__Given information__
BEGIN

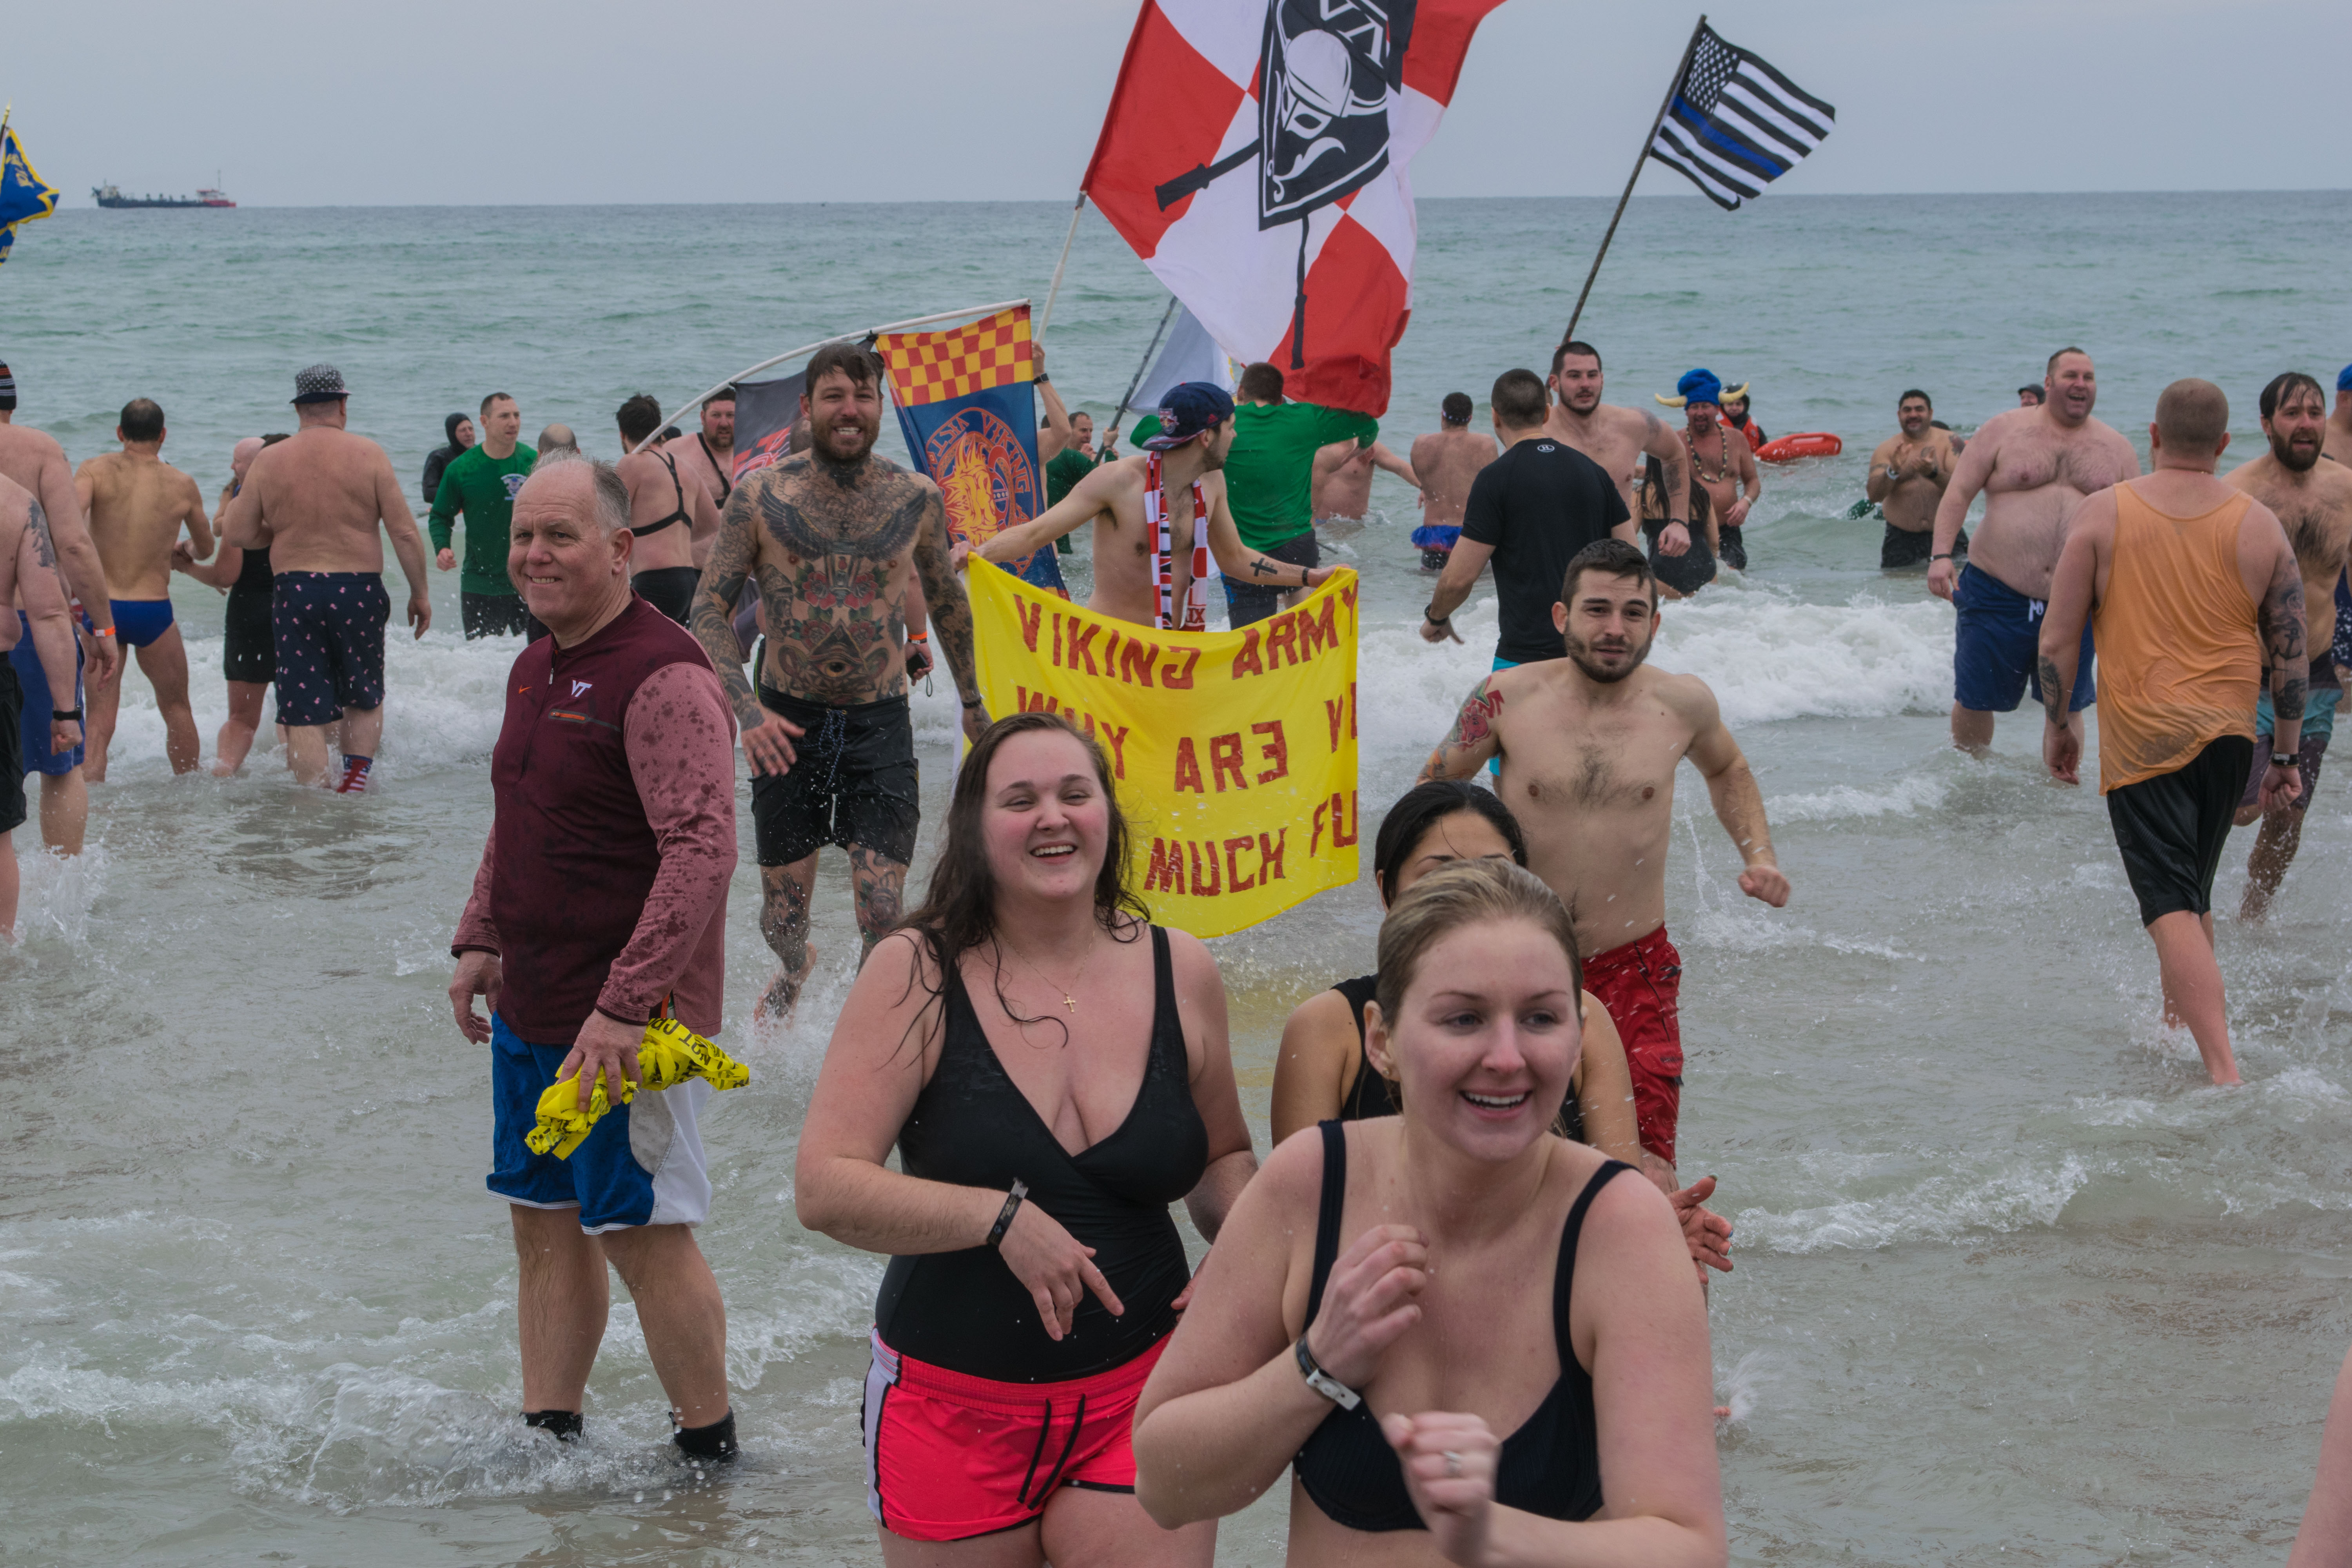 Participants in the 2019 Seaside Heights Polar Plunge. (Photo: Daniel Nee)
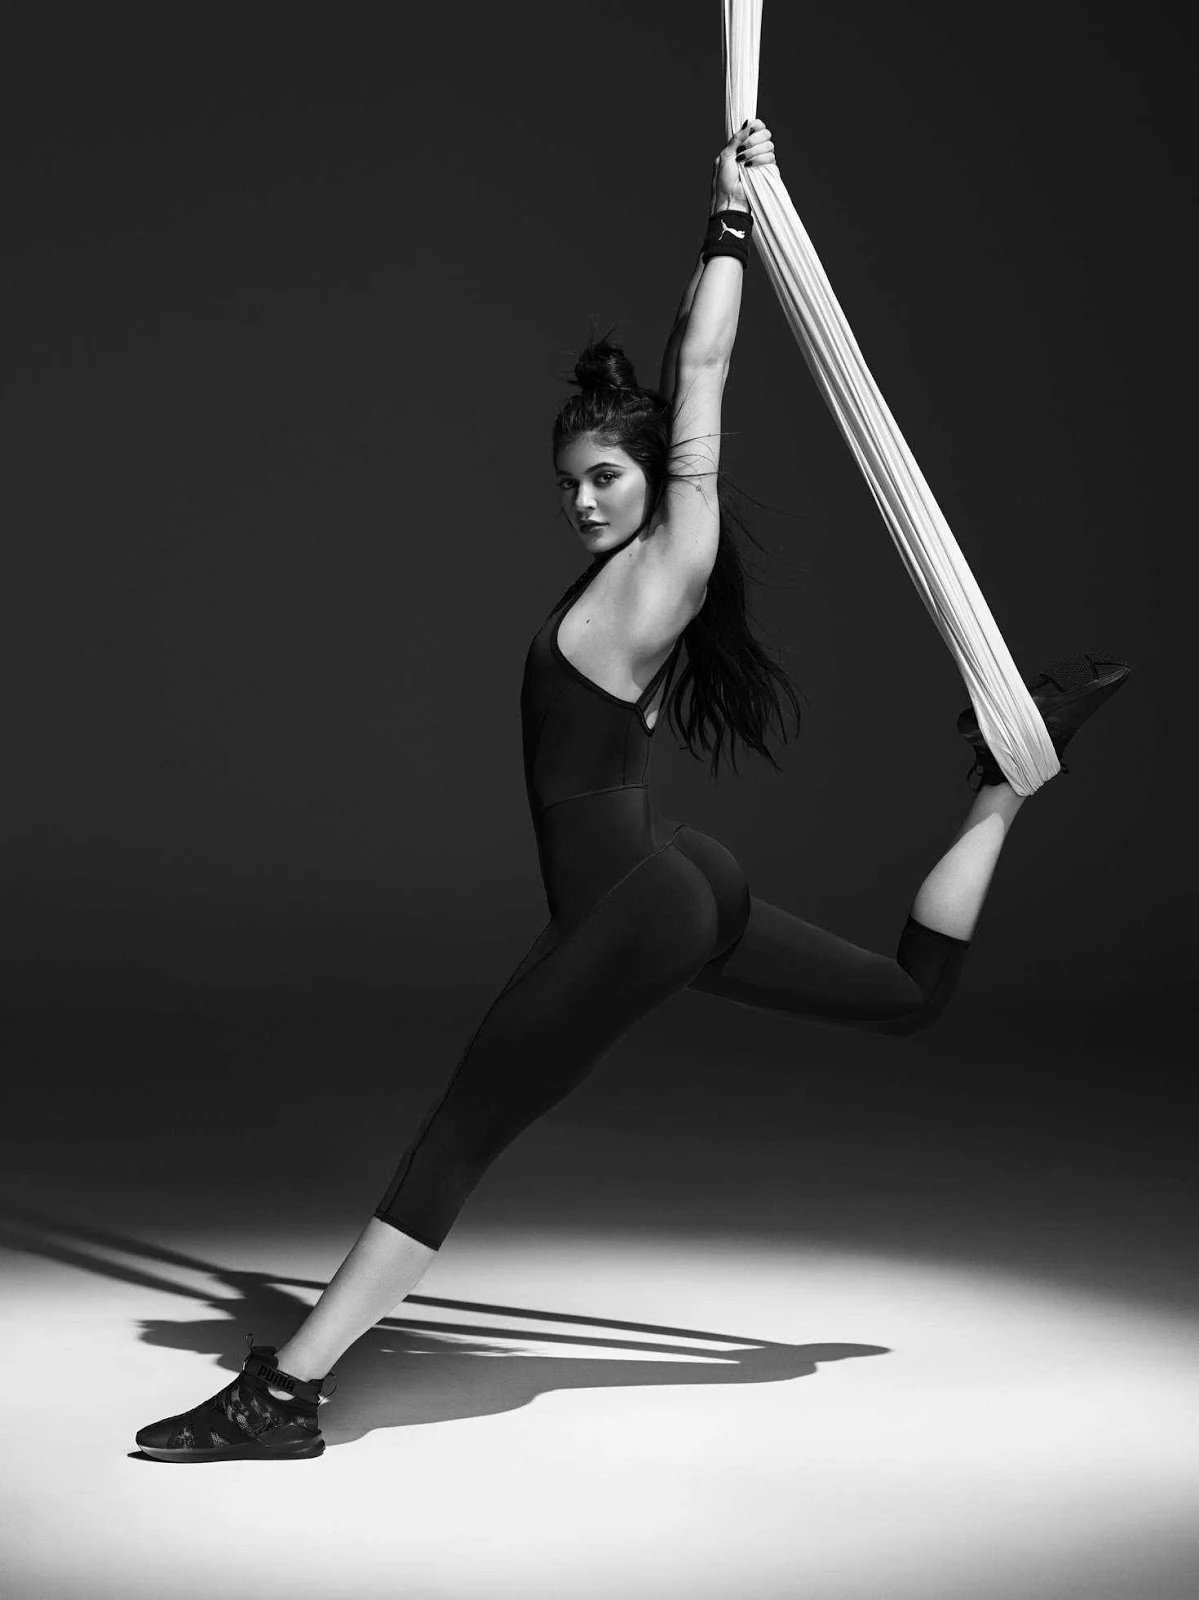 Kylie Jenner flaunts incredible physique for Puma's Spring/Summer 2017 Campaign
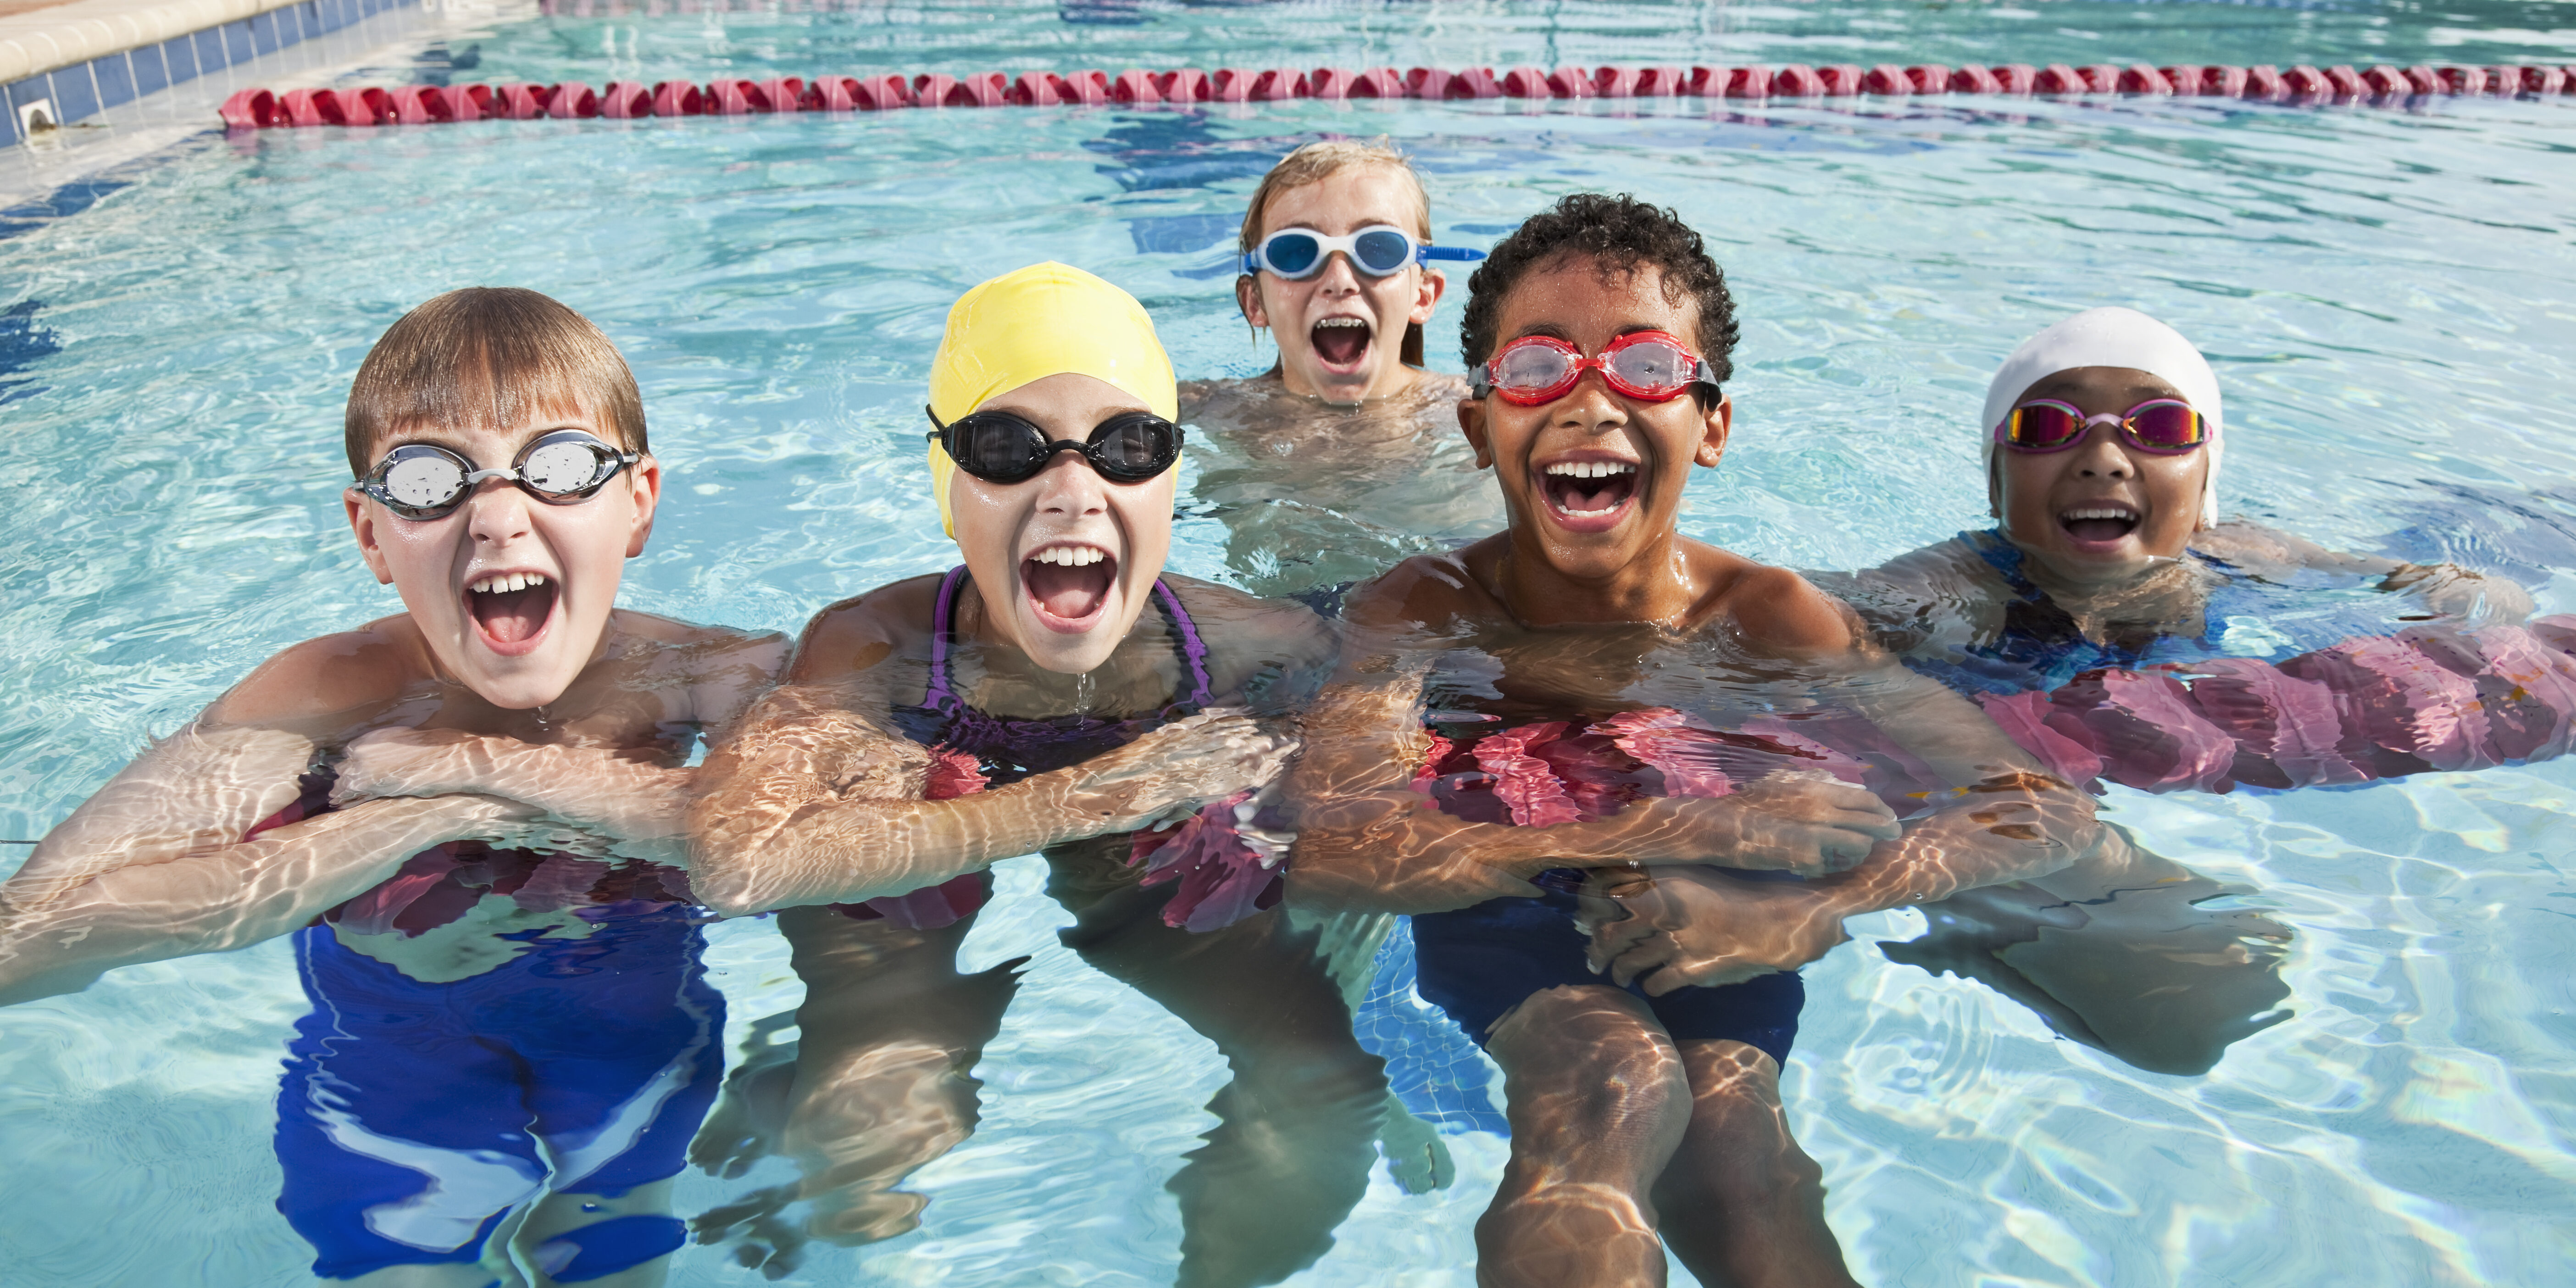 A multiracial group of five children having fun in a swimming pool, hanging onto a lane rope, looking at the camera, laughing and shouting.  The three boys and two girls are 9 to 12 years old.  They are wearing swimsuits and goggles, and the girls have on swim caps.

END

__Action item__
Starting at the first line of the material, output exactly the lines up to and including the one with "Kylie Jenner flaunts". Do not include the pictures.

__Reply__
 Participants in the 2019 Seaside Heights Polar Plunge. (Photo: Daniel Nee)
 Kylie Jenner flaunts incredible physique for Puma's Spring/Summer 2017 Campaign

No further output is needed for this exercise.